– Каков хорек! – Яна зло швырнула трубку на диван. – Как стал старшим следователем, взял моду выключать телефон. Я уже не раз замечала за ним такую дурацкую привычку. Мол, не отвлекайте меня, я занят, у меня совещание… – Яна плюхнулась на диван. – Ну и пожалуйста, – процедила она, словно пронзая взглядом невидимого следователя. – Погоди, Соловьев, ты еще попросишь у нас помощи, когда запутаешься. Сейчас Заваленко уйдет в глухую несознанку, или врачи признают ее "невменьковой". Вот тогда ты попляшешь, когда «висяк» назреет… А мы тоже выключим телефоны.

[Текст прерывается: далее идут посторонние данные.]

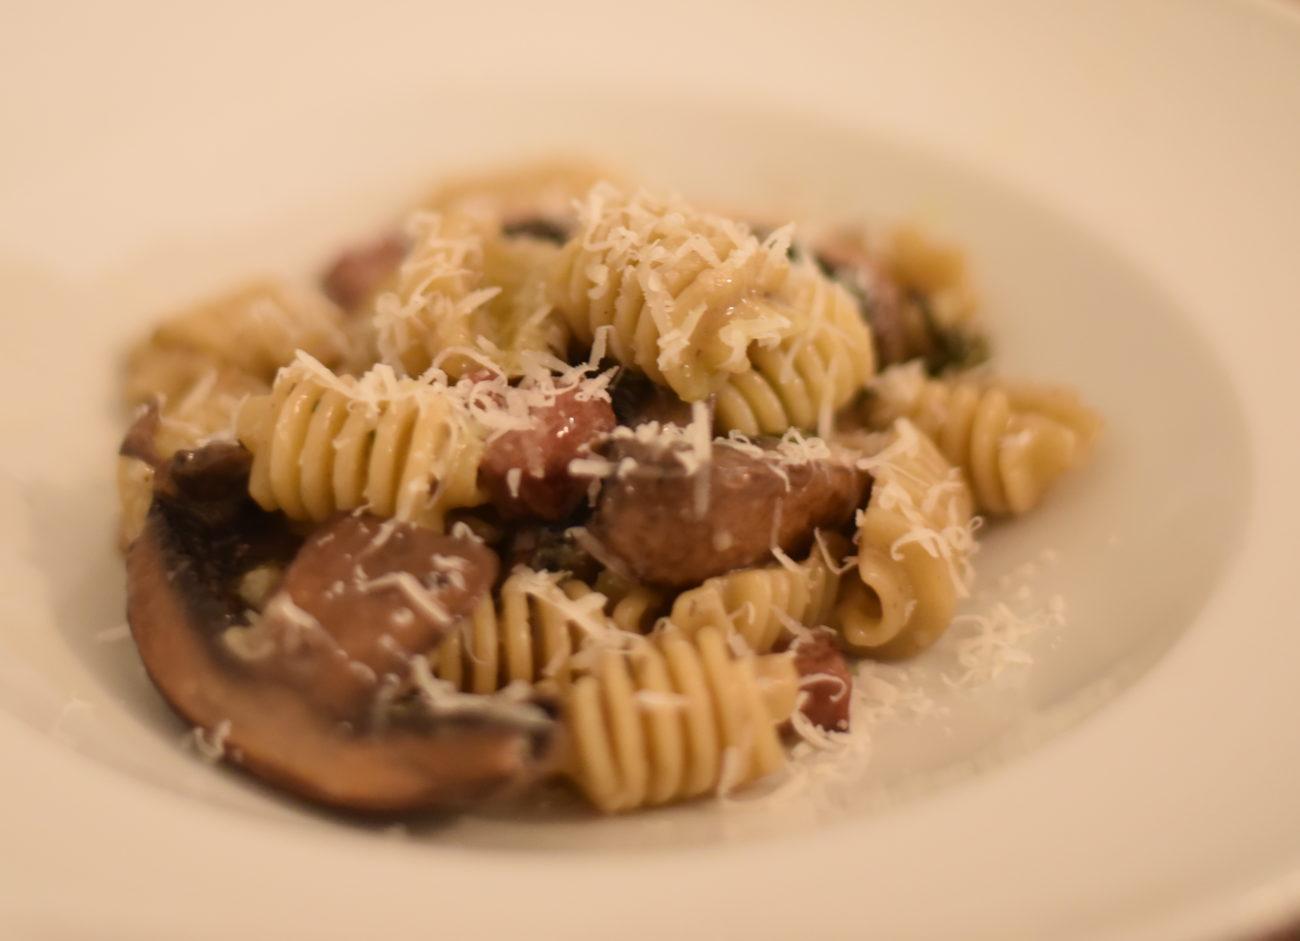 Radiatori Duck and Mushroom Pasta

– Знаешь, Ян, – Маргоша постаралась отвлечь подругу от невеселых мыслей, – по-моему, и там, и там есть слово «брат» или «братья».
– Где – и там, и там? – не спешила возвращаться из «долины гнева» Быстрова.
– Ну, Заваленко говорила о брате, и книга эта называется «Дневник» братьев Гонкур. Все-таки, однокоренные слова, – Маргоша вытерла физиономию салфеткой и уставилась на Яну сытыми, осоловелыми глазками.
– Да, похоже, что без «братьев» нам не обойтись в нашем расследовании, – согласилась Яна. – Ведь, где один брат, там должен быть, по идее, и второй.
– Или сестра.
– Какая еще сестра? – возмутилась было Яна и тут же добавила, – пока ничего не выходит с адвокатами и завещаниями, нам нужно подумать о натюрмортах, салонах, художниках… Стоп! Нам нужны арт-галереи и салоны Москвы! Ясно, как день!
Глава 9. Валентина
В модном художественном салоне «N. morte»4 было прохладно и сумеречно. Часы
посещения уже закончились, поэтому центральное освещение уже отключили, и лишь изящные галогеновые лампочки, вмонтированные в стены рядом с картинами, наполняли просторный зал таинственным светом, идущим как бы ниоткуда и в никуда.
Развешанные в художественном беспорядке вдоль стен натюрморты завораживали разнообразием тем и буйностью красок. Букеты цветов – от веток обычной сирени до орхидей, экзотические фрукты и овощи, кофейники, рюмки, бокалы, морские раковины, бижутерия и даже один человеческий череп – все было мастерски скомпоновано и подтверждало лишний раз известный постулат о том, что и «мертвая природа», так называемый «мир вещей» обладает некой гармонией.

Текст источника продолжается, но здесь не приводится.